Steel Design Codes Compared — AISC 360 vs EN 1993 vs AS 4100 vs CSA S16

A comprehensive technical comparison of the four major structural steel design codes used worldwide. Covers load factors, resistance factors, section classification, flexural design, buckling curves, bolt design, and weld design. Includes worked cross-code comparisons showing where the codes agree, where they diverge, and why.

Overview

Structural steel design is governed by national and regional design standards that, while built on the same fundamental mechanics (Euler buckling, von Mises yield, elastic beam theory), differ substantially in their reliability frameworks, notation, classification systems, and detailed provisions. An engineer designing a beam in Chicago, Melbourne, Berlin, or Toronto will follow essentially the same physical logic — but the code provisions, safety factors, and documentation will look quite different.
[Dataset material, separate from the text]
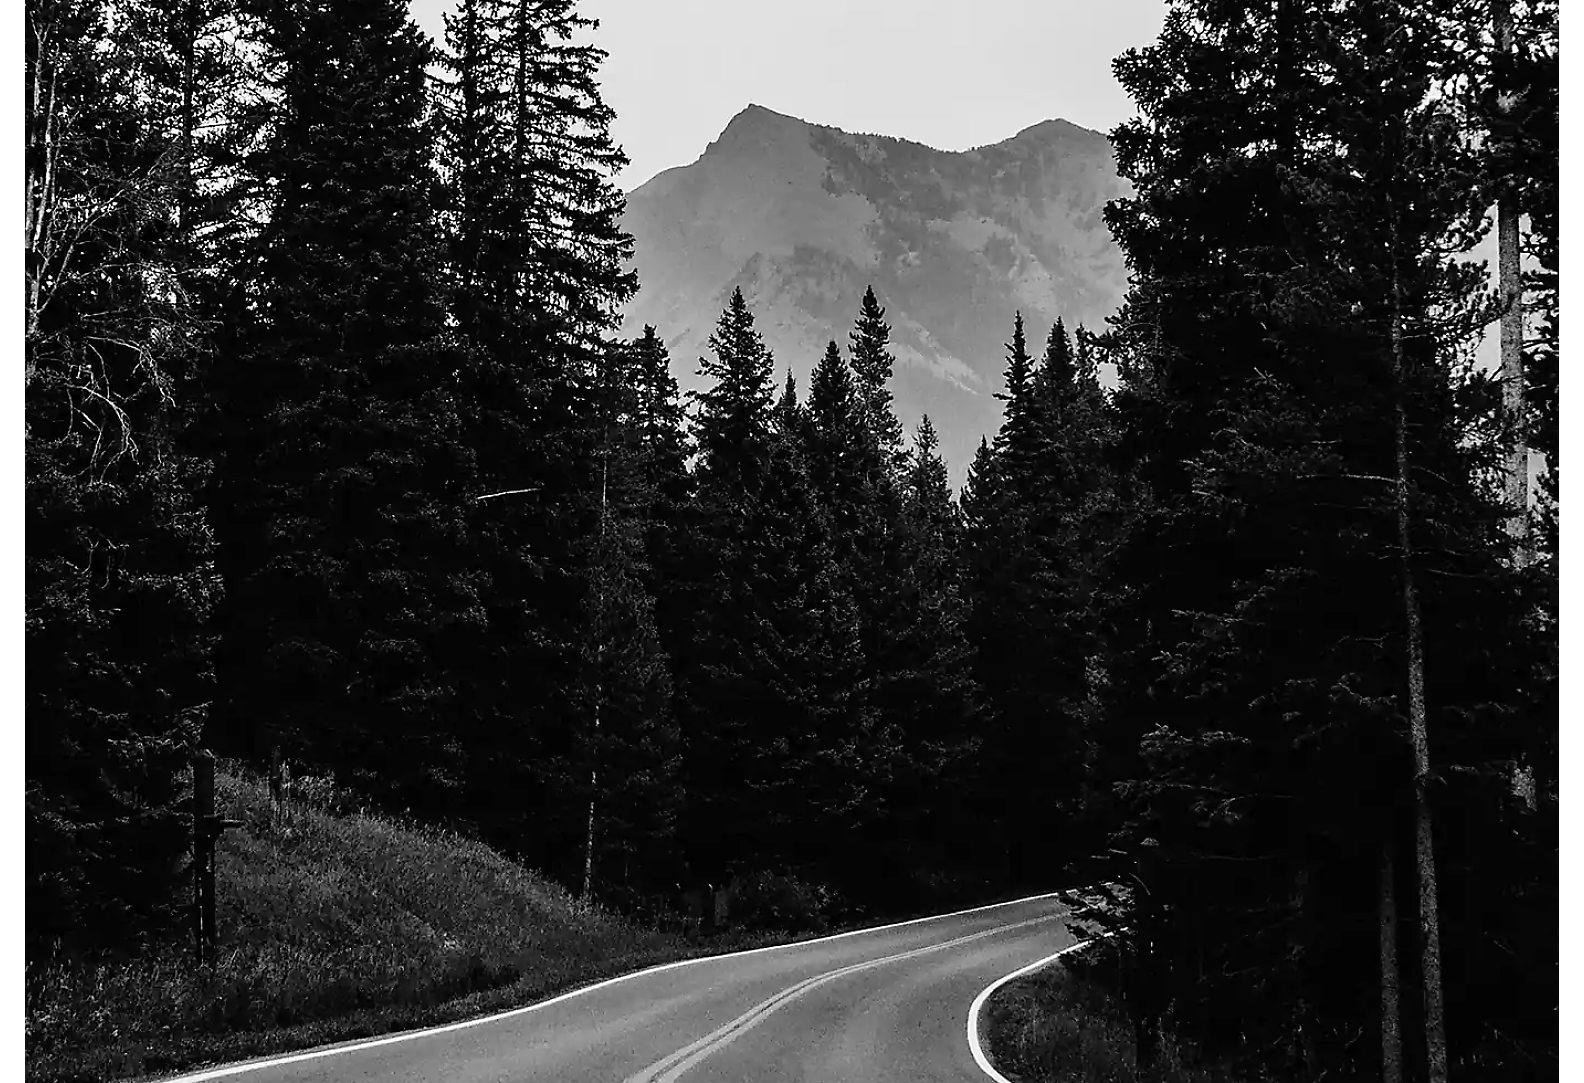 Strada a due corsie attraverso una foresta con montagna sullo sfondo, in bianco e nero.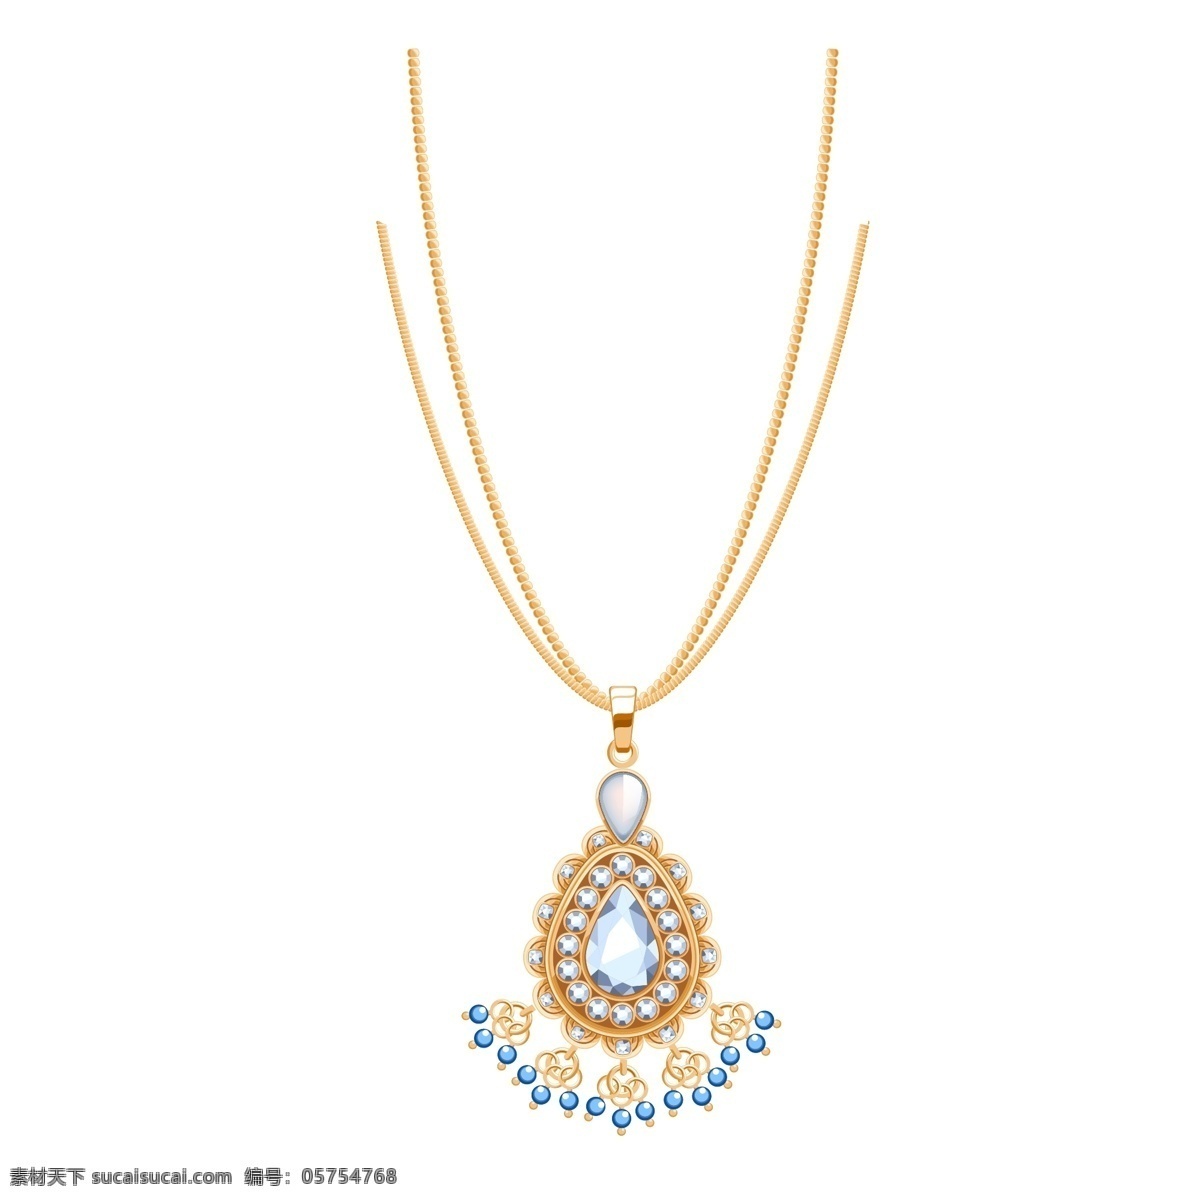 黄金 蓝宝石 项链 珠宝首饰 商用 元素 首饰元素 珠宝素材 蓝宝石项链 项链元素

This guide systematically compares AISC 360-22 (United States), AS 4100-2020 (Australia/New Zealand), EN 1993-1-1:2022 (Europe), and CSA S16:24 (Canada). For each major limit state, we show the governing equation in each code, explain the underlying assumptions, and present a worked numeric comparison for a standard W-shape (or equivalent) member.

A note on scope: This comparison focuses on hot-rolled steel design for building structures. Cold-formed steel (AISI S100, AS/NZS 4600, EN 1993-1-3, CSA S136), composite design, and seismic provisions are separate topics not covered here.

1. Reliability Framework — Load and Resistance Factors

All four codes use a limit states design (LSD) framework, meaning they compare factored loads (demand) against factored resistances (capacity). The difference lies in how the factors are applied.

1.1 Load Factors — Dead + Live (Gravity, LRFD/ULS)

Code Dead Load Factor Live Load Factor Standard
AISC 360 1.2 1.6 ASCE 7-22 §2.3
AS 4100 1.2 1.5 AS/NZS 1170.0
EN 1993 1.35 1.50 EN 1990 (Eq. 6.10)
CSA S16 1.25 1.50 NBC 2020

EN 1990 uses a higher dead load factor (1.35 vs 1.2) and the same live load factor as AS 4100 (1.5). This means European designs are typically 3-6% heavier for gravity-dominated structures, all else being equal.

1.2 Resistance Factors (phi / gamma_M) — Flexure

Code Resistance Factor Symbol
AISC 360 0.90 phi
AS 4100 0.90 phi
EN 1993 1.00 gamma_M0
CSA S16 0.90 phi

EN 1993 uses gamma_M0 = 1.00 for cross-section resistance (yielding), meaning the design resistance equals the nominal resistance — a significant difference from the 0.90 phi factor in AISC, AS, and CSA. This is partly offset by the higher EN 1990 load factors.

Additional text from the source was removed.